Thursday, July 12, 2012

Penn State Football Should Receive the Death Penalty

I try to stay away from Political or Religious issues on this blog or in my personal dealings.   I find it a no win situation for me.   

I will take a brief sidebar from that policy today as the facts are now in regarding the Penn State case:  Jerry Sandusky is a Pedophile and used Penn State facilities to groom and impress his victims.  Joe Paterno and other administrators at Penn State covered it up to protect the football program.   Joe has lost his legacy and former president Graham Spanier and athletic director Tim Curley will lose their freedom after their case goes to trial.    Those penalties are just.  

What needs to come next is the death penalty for the football program from the NCAA.   Which I assume many people will disagree with.   The loss of Institutional Control is the worst accusation the NCAA can give.  Most examples of this includes:  paying players to attend your university, academic cheating, having too many big money boosters to close to your program who give players extra benefits, players selling school equipment, etc.    SMU got the death penalty for paying players, getting penalized and then continuing to do it.  

What has happened at Penn State is nowhere near what happened at SMU, Ohio State, North Carolina, USC, Memphis, Miami or any other place the NCAA has hit hard.  It is much much worse.    Penn State let their football program run their University.  Joe Paterno's advice over ruled the President's and Athletic Director's and they let Children be hurt so they could protect the program.   Penn State's entire University was being run by an out of touch football coach.  

Penn State fans and others will say the NCAA has zero jurisdiction to penalize Penn State.   Nowhere in the NCAA laws or rules does it state they can be penalized for covering up criminal activity.   That is a fair take but a short sided one in my opinion.   Is Penn State already different? Yes, they have a new President, AD and a new football head coach.   Will Penn State pay millions in legal fees and civil damages?  Yes and Yes.   I also have to give Penn State credit for funding the Freeh report which results couldn't have been worse for the organization that funded the investigation. 

I keep going back to Loss of Institutional Control.   There couldn't be a worse example of Loss of Institutional Control then the Penn State case.   The football coach had more power then the university president and AD and children were criminally hurt.   Children, not a few thousand dollars to a 7-1 center,  cheating on a Math test, or selling your shoes.   Children were hurt, the Penn State brass knew about it and still let him on campus and even run a Penn State sponsored summer football camp.

So now it's in the hands of the NCAA.  They sent a letter to Penn State back in November asking 4 question to be answered.  Once they have those responses they will decide if any penalties are to be assessed.   The range is anywhere from nothing to the death penalty.  There is no precedent for this case and the NCAA.   That is the main point (regarding the NCAA) there isn't a precedent and Mark Emmert, President of the NCAA has to set one.   I believe he has to send a hard message to Penn State to let all NCAA institutions know they can't have their football program be bigger then their University. 

What has happened at Penn State is Unbelievable, Sad, Sick and criminal on many levels.  If Penn State covered up sexual abuse to children to protect their football brand, what else have they covered up?  Penn State students and fans will argue that the actions of  4 people shouldn't take down the University or Football Program.   Unless its the 4 that run your University.   Absolute Power corrupts absolutely.

3 comments:

John Agno said...

Assumptions & beliefs, values, vision and guiding principles drive behavior.
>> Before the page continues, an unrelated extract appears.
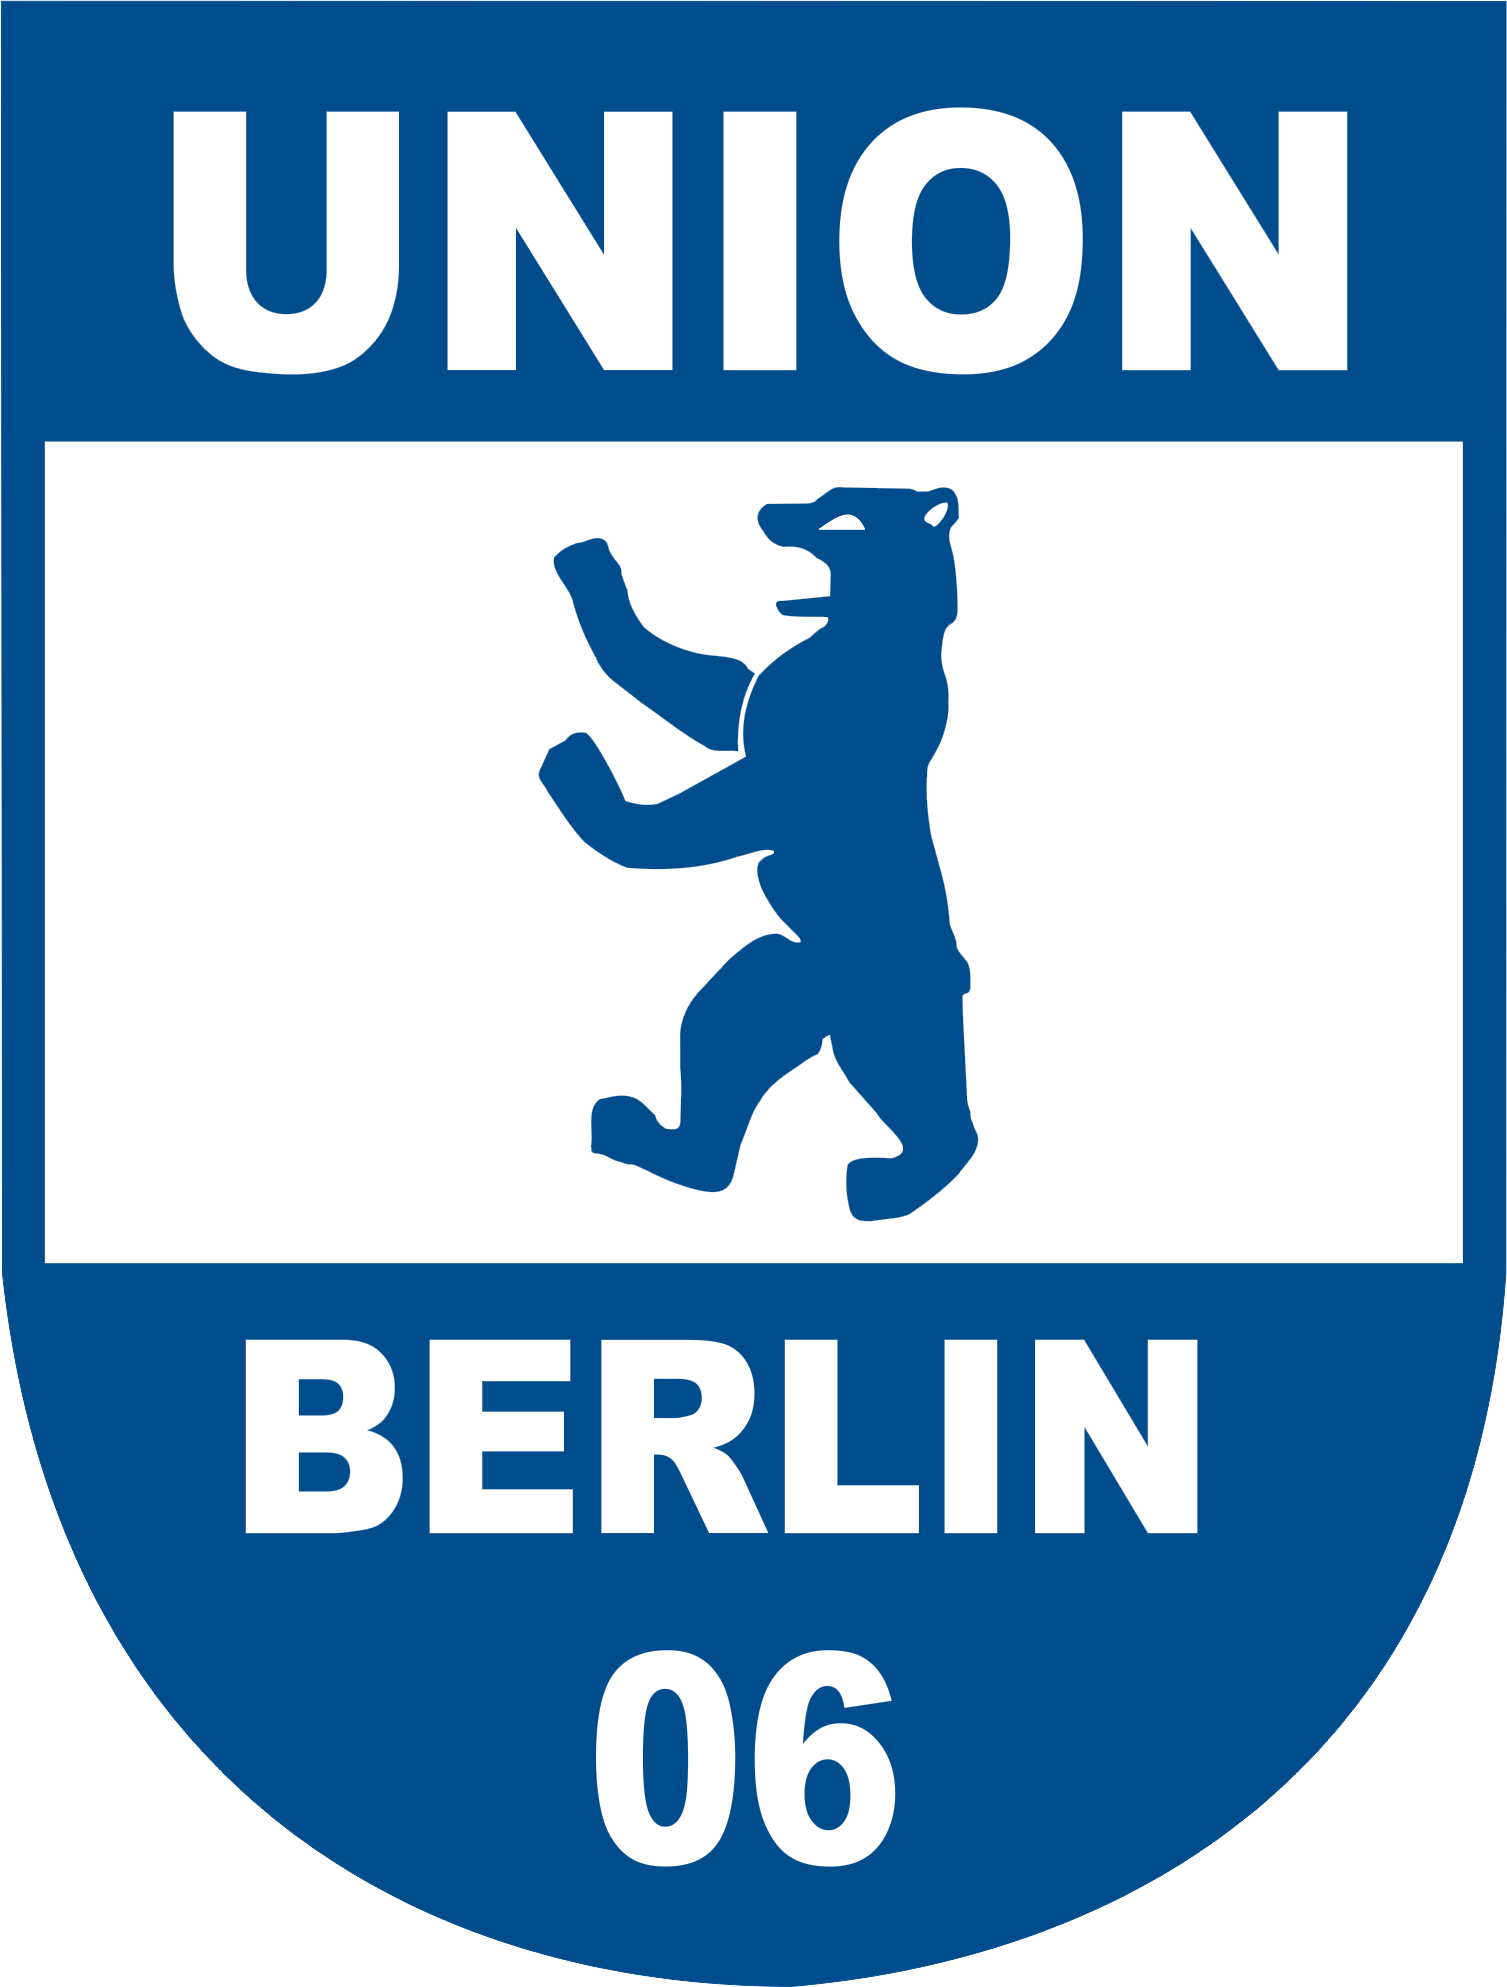 SC Union 06 Logo
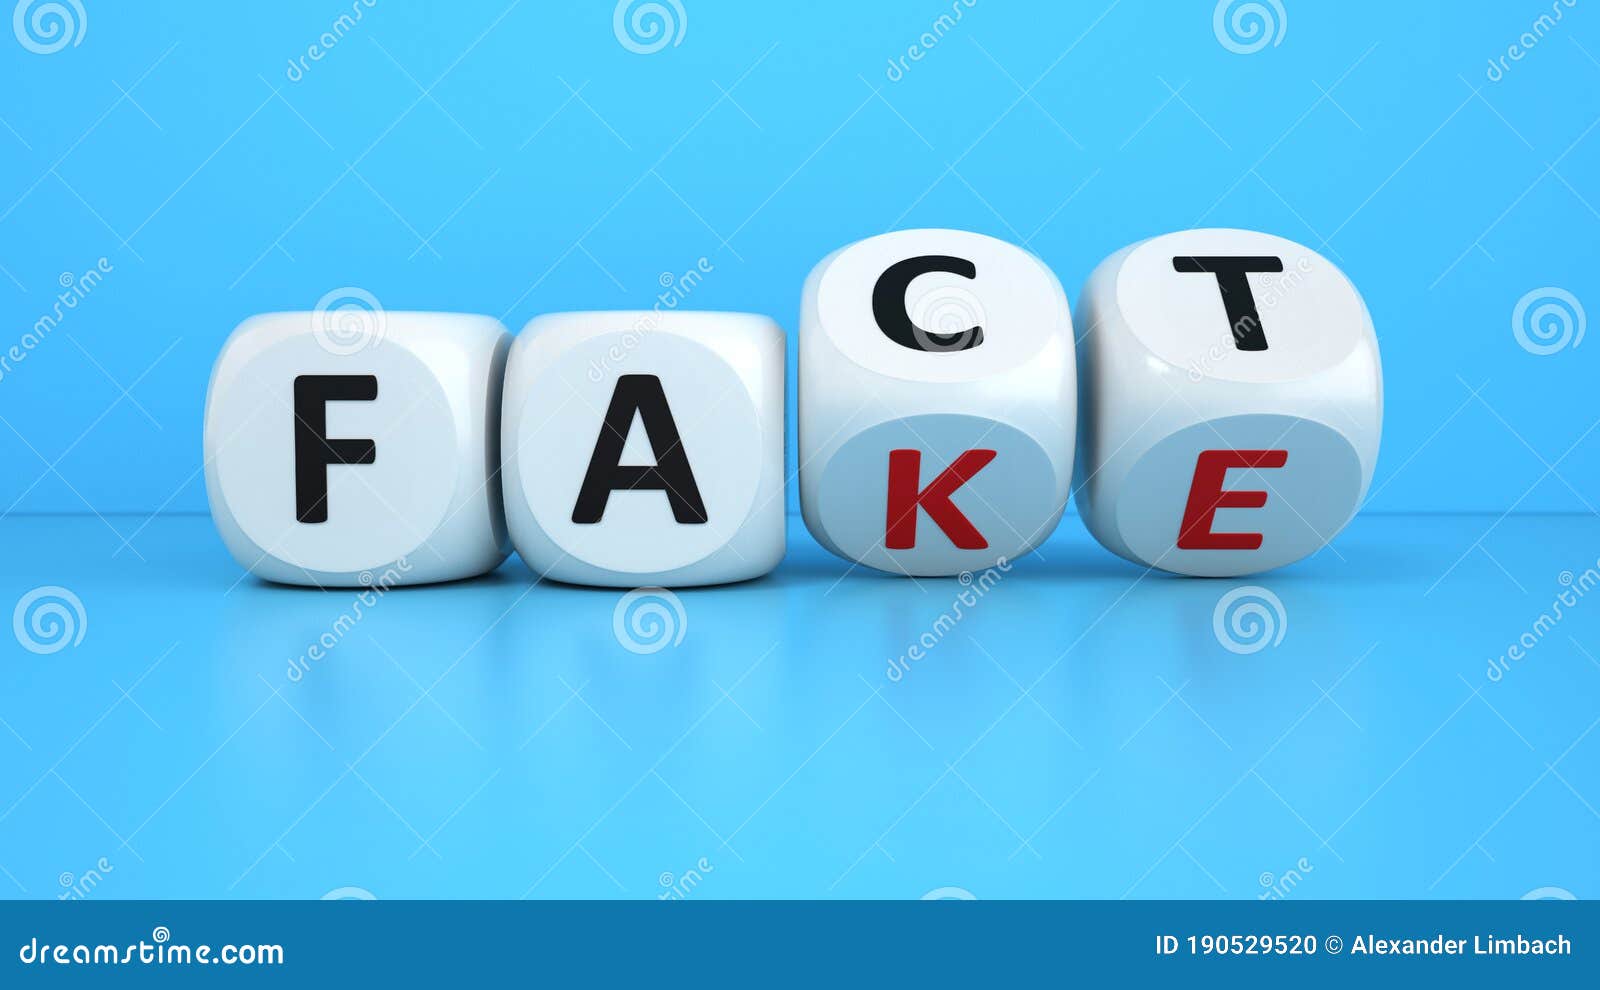 Fake Fact Cubes stock illustration. Illustration of fraud - 190529520

The behavior of Penn State leadership was unacceptable and now the university needs to pay deeply for its unethical actions.

Dr. Tim said...

PSU should also be ousted from the B1G for the above reasons. Don't believe everything you think. This will make you smarter: edge.org.

Ron Fu*king Swanson said...

but what you fail to mention is that unlike in all those other instances the loss of institutional control directly related to a benefit to the athletic program... i dont think this qualifies. I should note, i am in no way a PSU fan.